Now we can apply the exact same routine as before. In this case, let’s return the entire bootstrapped sample of parameters instead of just the variance.

function boot_parameters(data,B,W ; seed = 2020)
    mu_b = zeros(40,B)
    ρ_b = zeros(B)
    σ_b = zeros(B)
    Random.seed!(seed)
    for b in eachindex(ρ_b)
        db = draw_bootstrap_sample(data)
        r = estimate_income_process(db,W)
        mu_b[:,b] = r.μ
        ρ_b[b] = r.ρ
        σ_b[b] = r.ση
    end
    return mu_b, ρ_b, σ_b
end

W_opt = inv(V_mom)

mu_b, ρ_b, σ_b = boot_parameters(data,100,W_opt)

([10.73580760699535 10.816247401707118 … 10.826997992362788 10.823451250771296; 10.80821234096262 10.838035193746032 … 10.838646491668136 10.860638767368634; … ; 10.932575248306065 10.976627931101024 … 10.993294394103312 10.905486358310869; 10.987084615895972 10.949352984020404 … 10.90096845528756 11.097782268019063], [0.8758970696492175, 0.8749031842046412, 0.876266168284345, 0.8842489702570284, 0.8895021308118279, 0.8813061168077119, 0.8674746704022943, 0.8631370148641132, 0.869562261996464, 0.8691779540595619  …  0.873224740029997, 0.8858033021530047, 0.8832392563927576, 0.8705757274838543, 0.8793051161142941, 0.8883241567846492, 0.9232806638603563, 0.871593632447117, 0.8752252490344966, 0.9017572628768009], [0.3631400069730627, 0.34742241728061213, 0.352626326206807, 0.34117177871761845, 0.33614178219528, 0.343324062252806, 0.3863865751127758, 0.3778308056994547, 0.373132407007769, 0.37179238682244176  …  0.37077420410018186, 0.3435244271756953, 0.339663045471818, 0.36043023196833307, 0.3503088163031108, 0.3481738289608236, 0.2622013601425302, 0.35282338167619254, 0.35564318535399464, 0.3018655922610499])
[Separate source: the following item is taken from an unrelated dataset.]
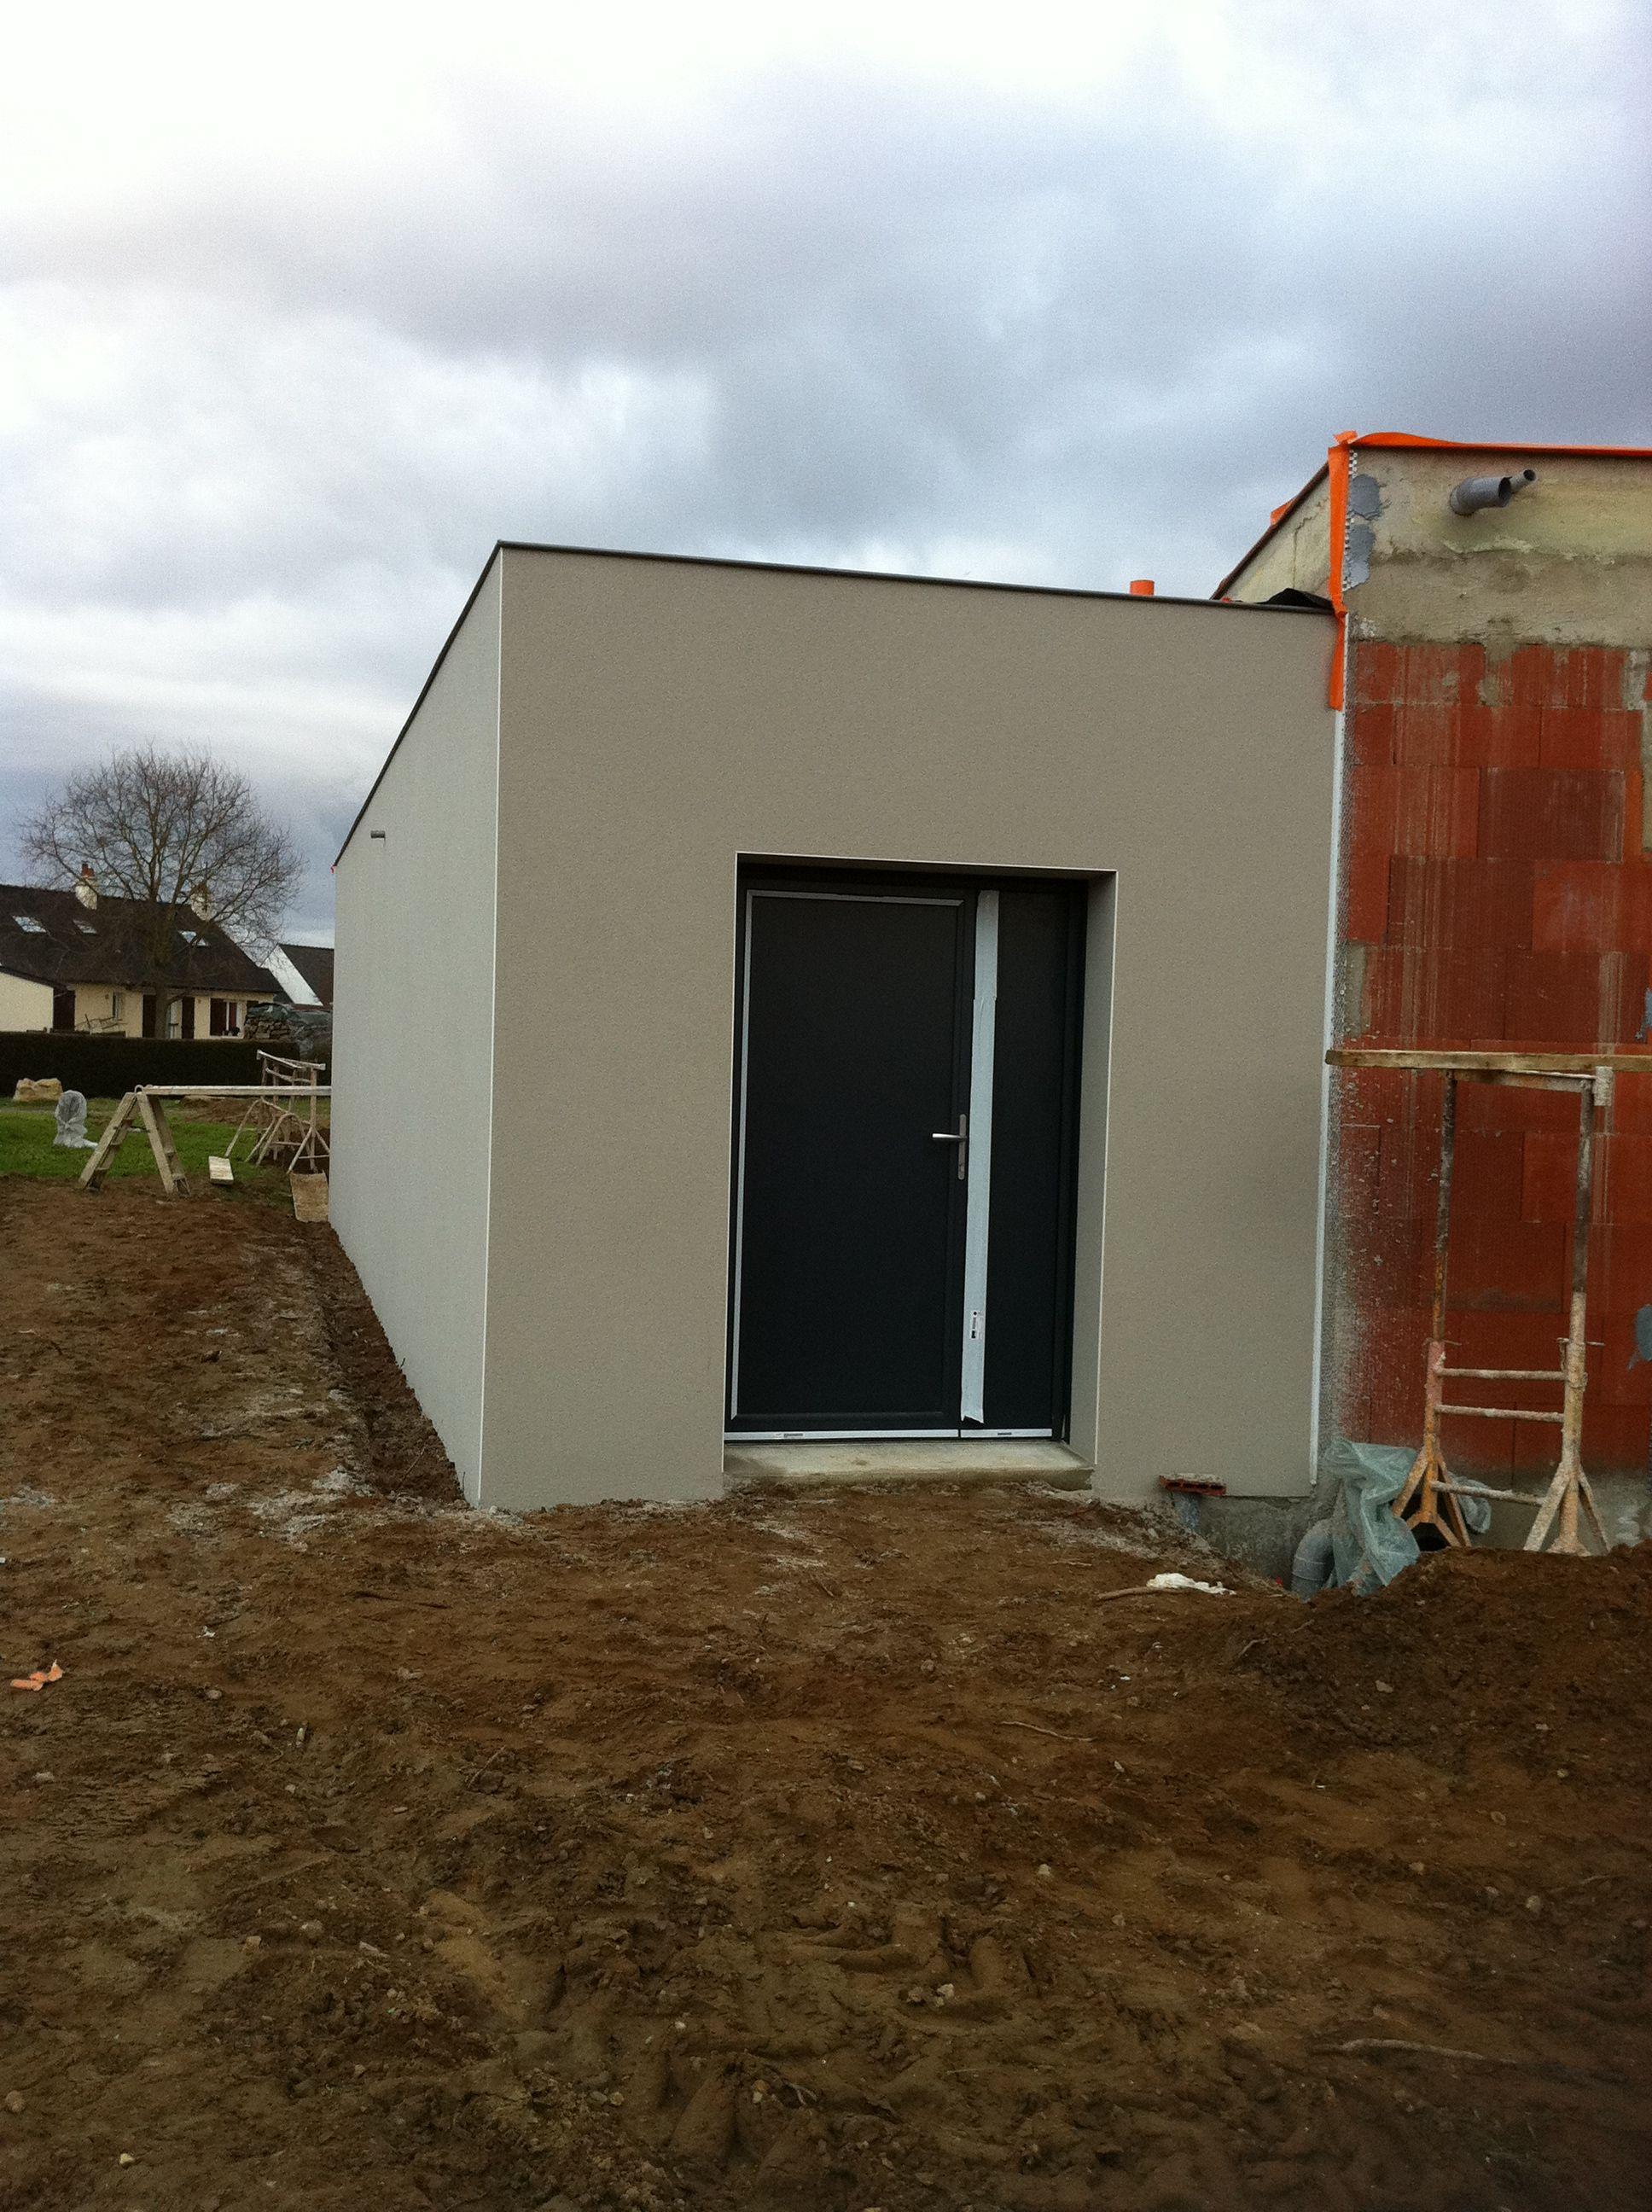 La saga de la casa toit plat page 10 - Mur privatif en limite de propriete ...

This would give us standard errors:

se_mu = std(mu_b,dims=2)
@show se_ρ = std(ρ_b)
@show se_σ = std(σ_b)

se_ρ = std(ρ_b) = 0.015419484415975956
se_σ = std(σ_b) = 0.029651429799185287

0.029651429799185287

Exercise

Try comparing the variance of these estimators using the estimated optimal weighting matrix to the identity matrix. Does it make an appreciable difference to the estimated distributino of the parameter estimates?